When you get that little envelope and you know it’s about your pension, that’s the question you’ll be asking. Typically – you won’t get much of an answer from your pension illustration -even if it is the new type pioneered by Ruston and Quietroom.
What illustrations are designed to do is tell you how far you’ve got towards your destination and you can bet a pound to a dollar that it’s not far enough. The impact of a pension illustration should be to get you reaching for your bank details to shove more money the provider’s way.
But what you won’t get is a sense of how your money’s worked for you, let alone whether you could do better elsewhere. In terms of messaging it’s
- stick with us
- give us more money.
Which is not what we opened the envelope for
Now a bit to think about..
Every time you’ve given your pension some money or your employer’s given some money on your behalf – you’ve “made a contribution”. A contribution buys you rights to your money back in the future, and your rights are stored in something – rather prosaically called “units”. Every unit your contributions buy have a price and that price changes every day. If you plot the price of your units day after day, you can get a unit price history which might look this (if you’re lucky)

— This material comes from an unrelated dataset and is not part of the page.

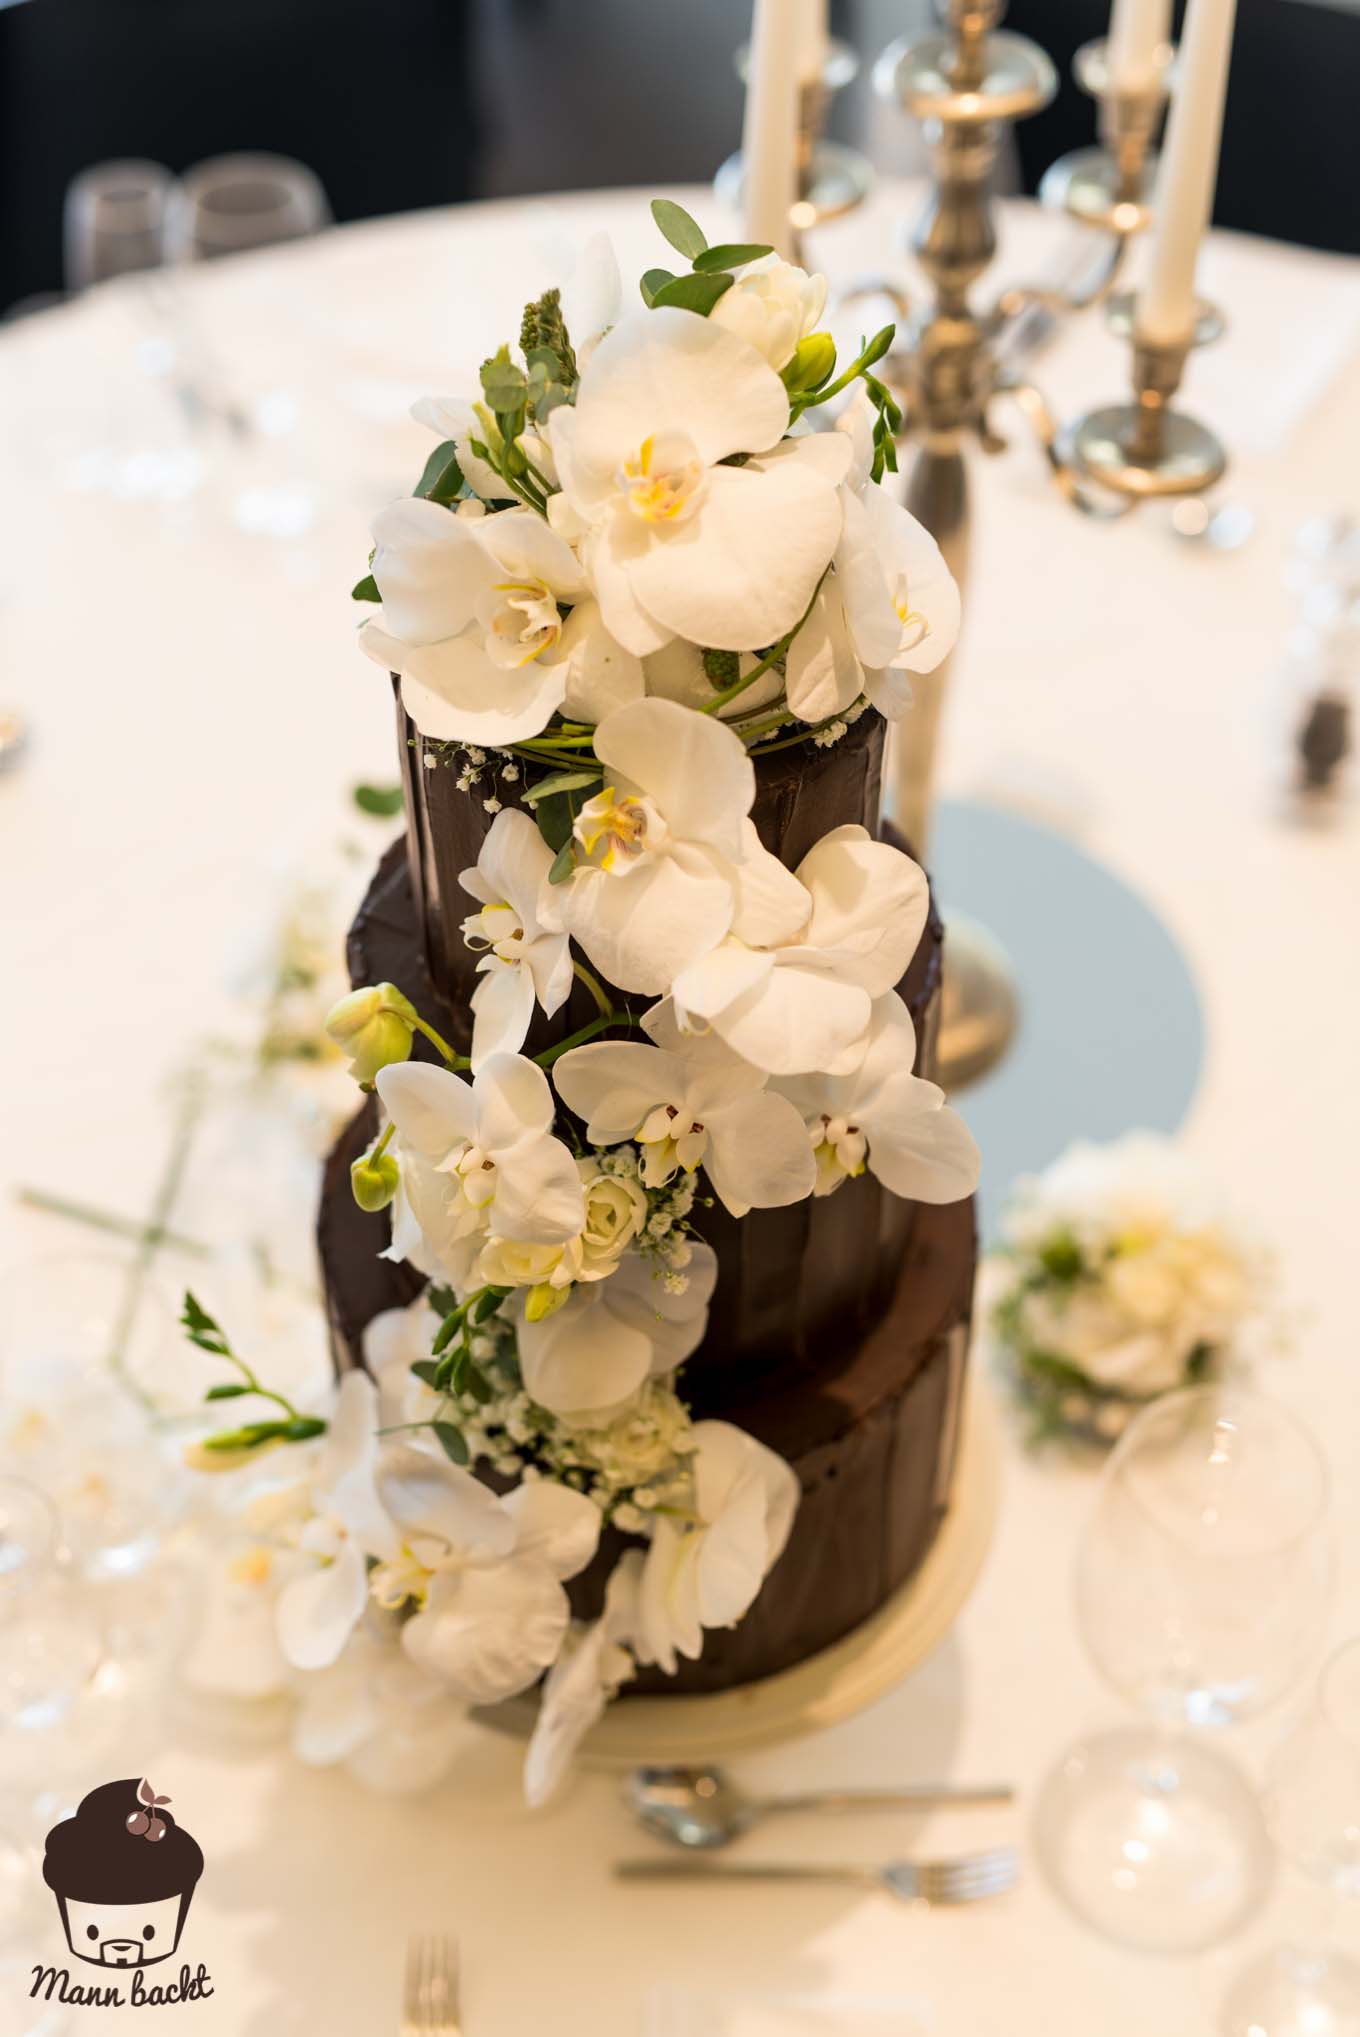 Mann backt Hochzeitstorte mit Orchideen Wedding Cake Orchids (5 von 7)

or like this – if you aren’t
But this means nothing to me (oh Vienna!)
We don’t get to know about what’s happened to the money through charts of unit price histories.

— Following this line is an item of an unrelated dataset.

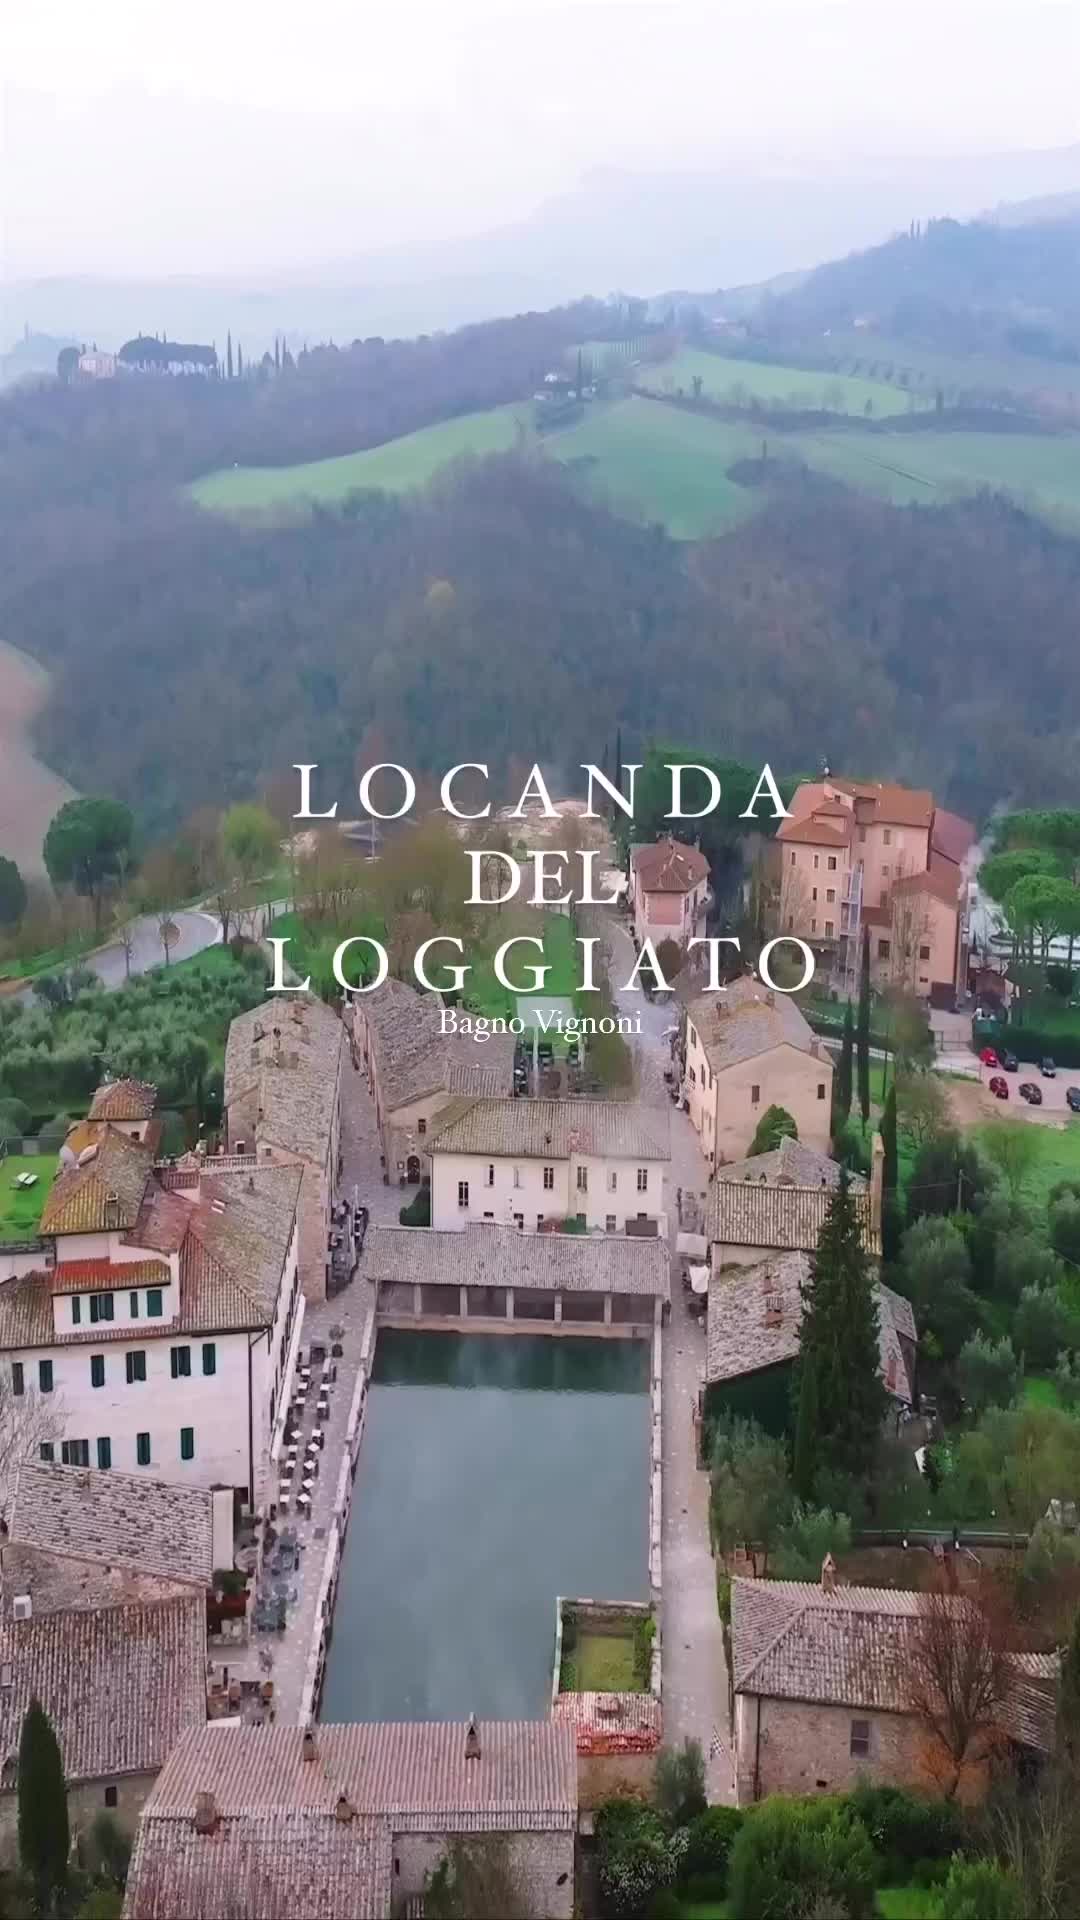 Locanda del Loggiato in Tuscany, Italy

We need something to make this real
When you buy units, the clock starts and it ticks to the day you sell those units. You and your boss could make hundreds of unit purchases and each those purchases has its own unit price history.
If you put all those unit price histories together you get one big unit price history – that is unique to you.
Guess what – it’s how you’ve done!
We can express how you’ve done as a percentage and call it an internal rate of return. But knowing your “real IRR” is 7.01% isn’t going to help you much. You want better than that.
You might be interested to know, that to calculate how you’d have done – whoever’s calculating has to also work out how many units have been sold and at what price.
You could work out a theoretical IRR without the money taken out. We can call this a gross IRR, if your IRR is 7.01 and your gross IRR is 8.01, then your ongoing charges are 1% pa.
Comparing your Gross IRR (the value interest) with your real IRR (the net interest), you can go a stage further and create a value for money score. The value for money score can give you two pieces of information “value” and “money” mixed together.
And now we’ve got a value for money score which is unique to how you’ve done!
That 76 score is based on how your VFM compares to other policies, all of which have a VFM score, and the more VFM scores out there – the more relevant that number becomes.
That number tells you how you’ve done relative to everyone else – and now we’re rally talking.
Wouldn’t it be great if every illustration had an AgeWage value for money score on it?